All three men would be quite passable as members of a white supremacist movement. Lyons was tall, blond and Nordic. A twenty-first-century Viking warrior with a day’s worth of rough stubble on his chin and the faded tattoos running down his neck, arms and chest proclaiming his allegiance to the white race. The tattoos were fake, etched into his skin with a biological dye that would fade to nothingness after a month. Until then, the big blond ex-cop would have to endure the presence of obscene hatred and twisted, almost-blasphemous religious symbolism scoured across his skin.

That was part of why he couldn’t sleep tonight, why he allowed himself to be absorbed into the slowly rotating fan blades as they barely churned the night air in his room.

This was far from the first time Lyons had gone undercover, and also far from the only time he’d ever had to don the hideous mannerisms of a bigot to do his job. What kept him awake was more than disgust for the identity he’d slipped into, and more than paranoia that made him keep a Colt Python under his pillow, within easy reach of his right hand.

It wasn’t paranoia if you were surrounded by representatives from dozens of gangs around the world, all assembled for a global auction by handwritten invitation—one that Able Team had uncovered while cleaning up loose ends from a prior crisis. It had looked handwritten but in truth had been merely printed, the cursive script the product of a font. No one would be able to perform a handwriting analysis on the mechanized scribbling on paper, and there were also no fingerprints except for those of Kevin Reising, the man who’d received the letter.

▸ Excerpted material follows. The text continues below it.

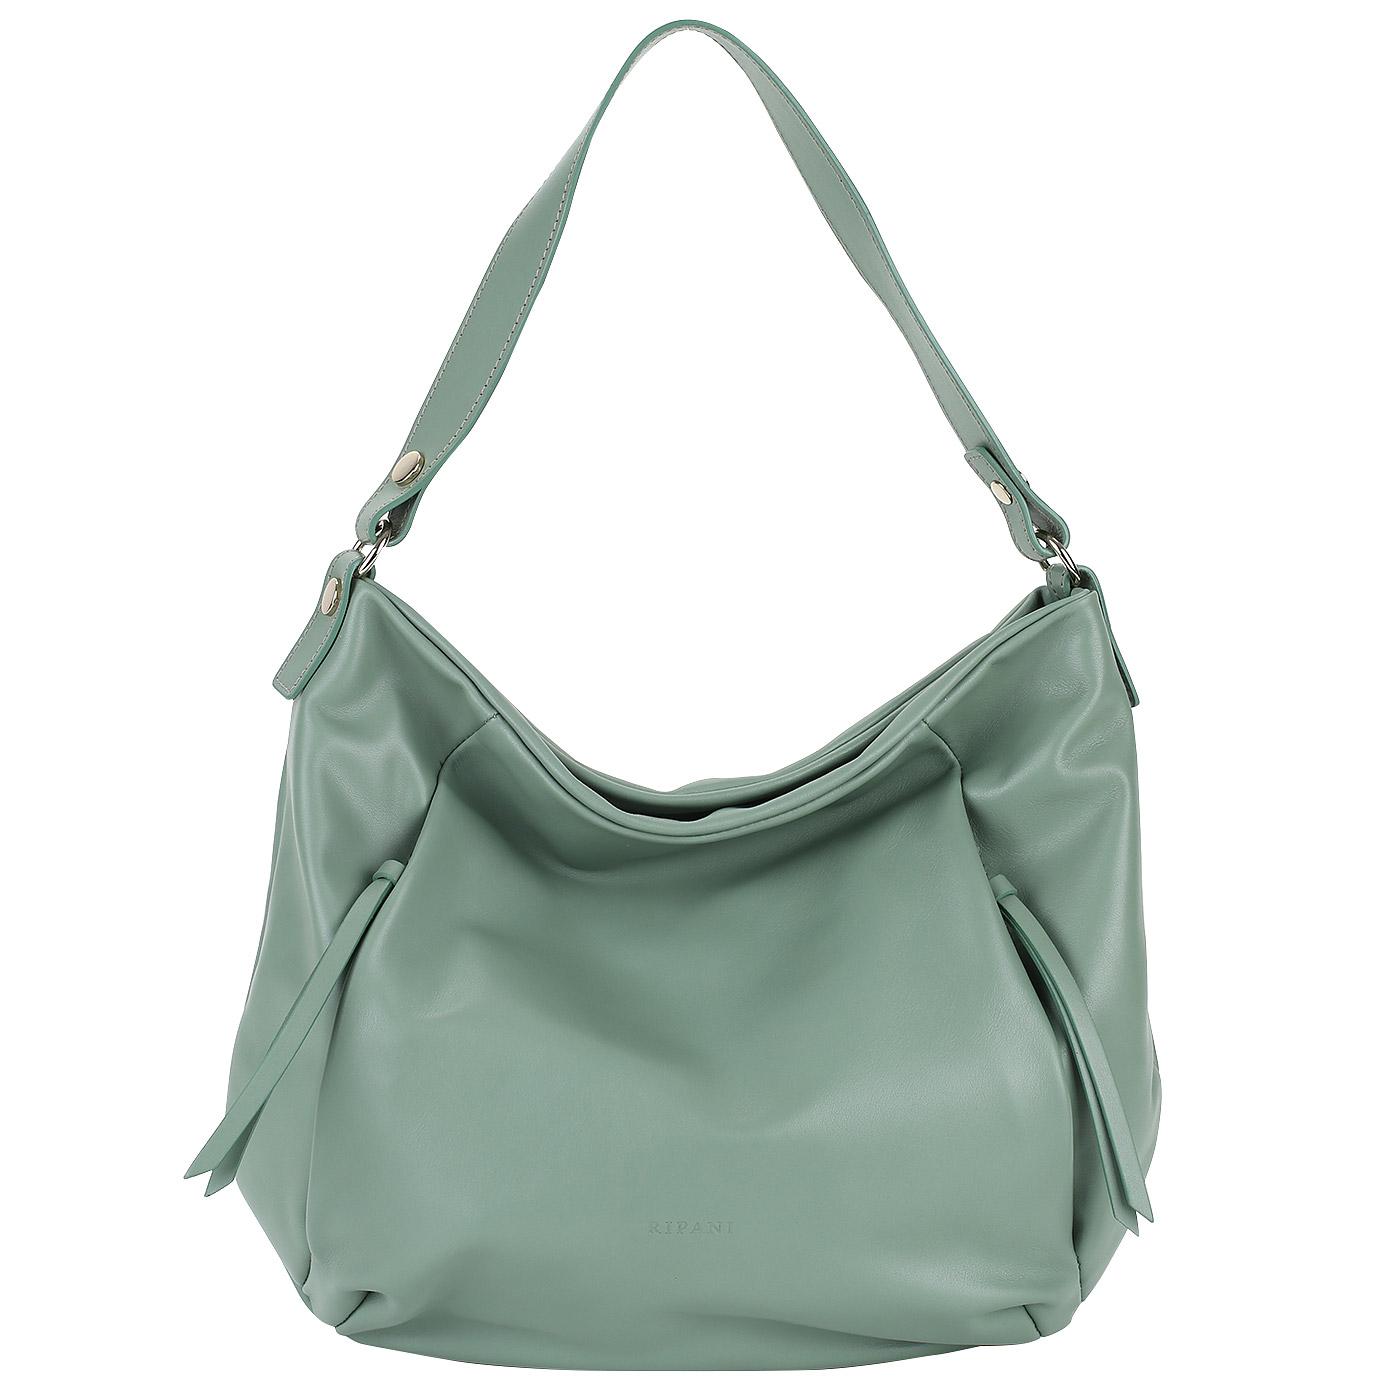 e583ebc045d7 Женская сумка-хобо из кожи Ripani Lime 7836LL.00051 - 2000557807136 ...

Reising was currently still listed among the living, but in hiding. The truth of the matter was that his corpse was nothing but charred ashes, with a .45-caliber slug where the brainpan should have been. The announcement of the man’s death would not be released until after there was no longer a need for the current undercover identities of Karl Long, Herman Shore and Thomas Presley.

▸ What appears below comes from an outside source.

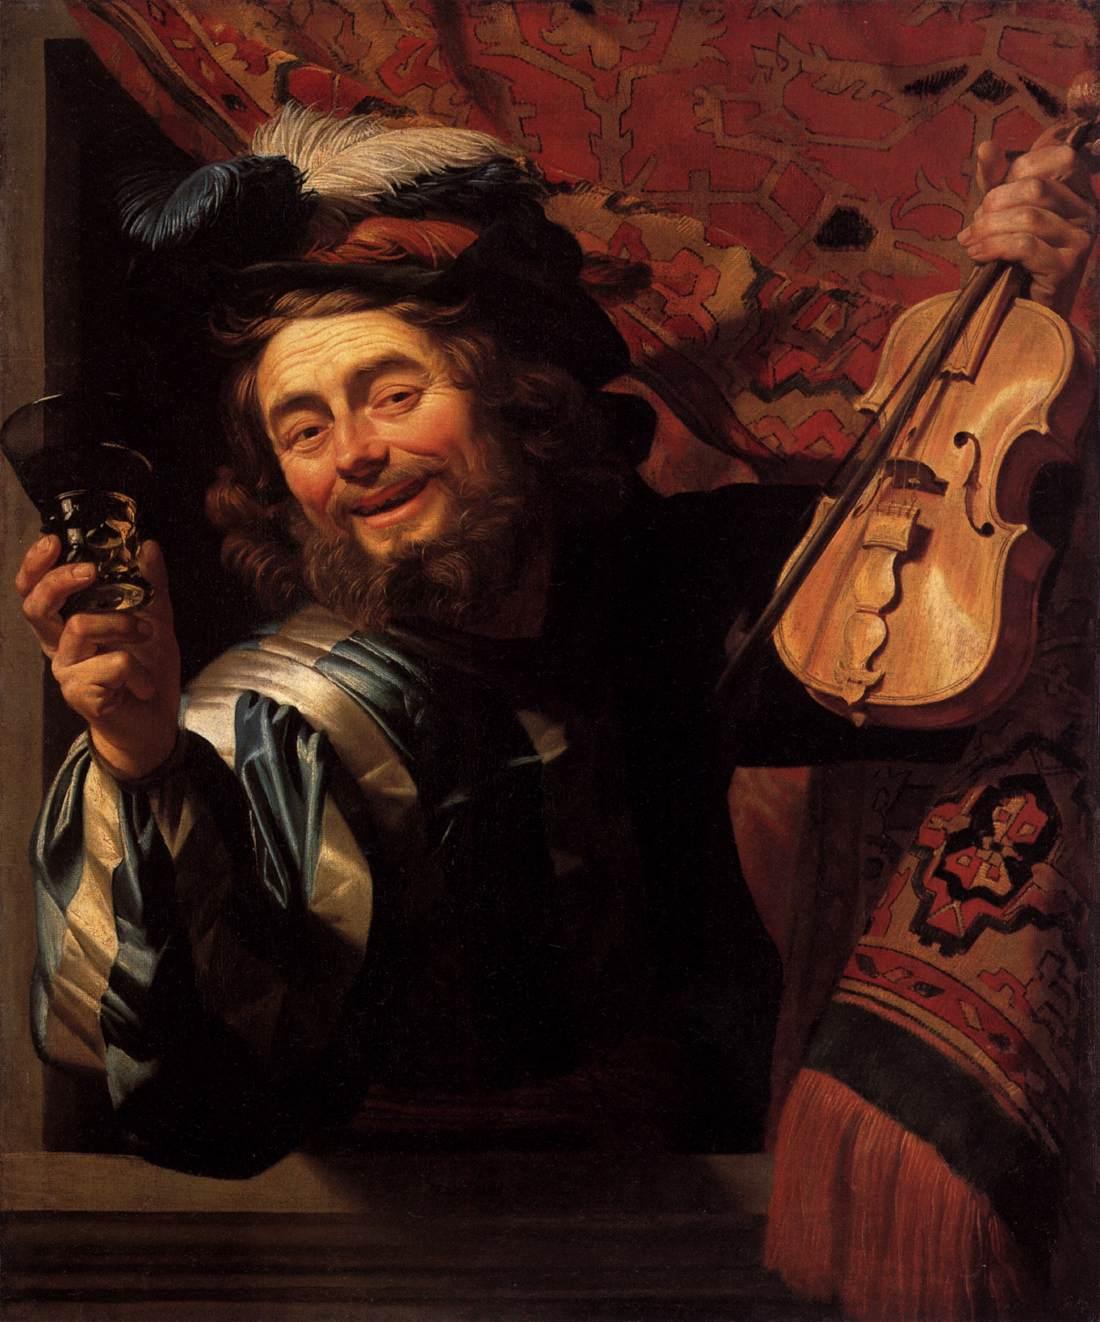 Gerrit van HONTHORST, The Merry Fiddler, 1623

By then the organizers of this event, a sale for everything from handguns to long-range missiles, would be dead and gone. The host organization of this auction went by the name of Abalisah, and this hotel was far from the beaten trail, on a small island of the archipelago. With a title that was Arabic for devils, it was a sure sign that things were not going to be safe and calm. The man who was the face of the auction was a tall man who could have been anything from European to Middle Eastern. His skin was well tanned, but he had no accent, no truly identifiable features. He was called Jinan.

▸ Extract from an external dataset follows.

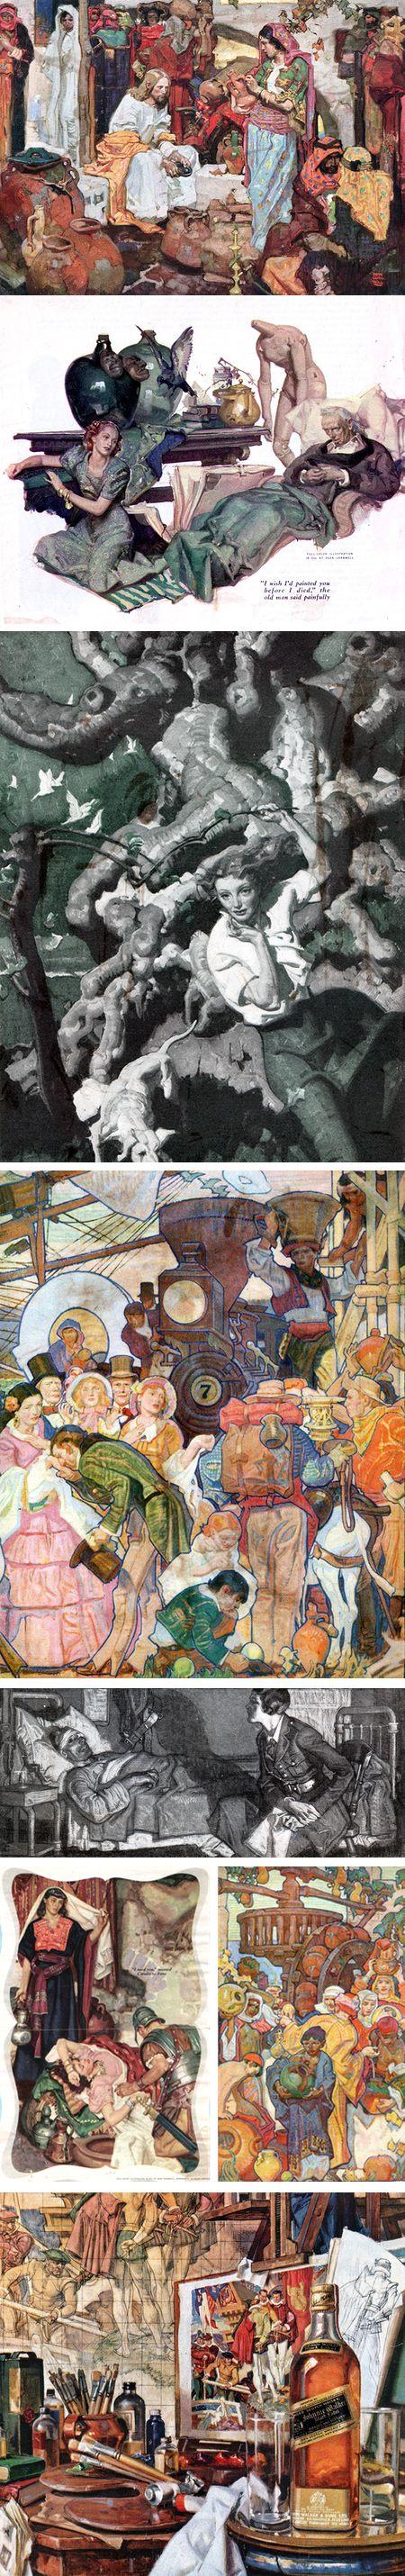 Dean Cornwell magazine illustrations

“Do what you will,” Jinan had said over a loudspeaker, his voice distorted by a modulator. At least it might have been, but it also could have been a simple computer program or just a schmuck hired to read a sheet of paper put before him. “You have been allowed to keep your sidearms, your knives, your poisons. I merely wish your money, so if you cannot outbid your enemy, perhaps you can steal from him or perhaps murder him. The only things that I forbid are attempts to steal my property or attacks upon my personal staff.”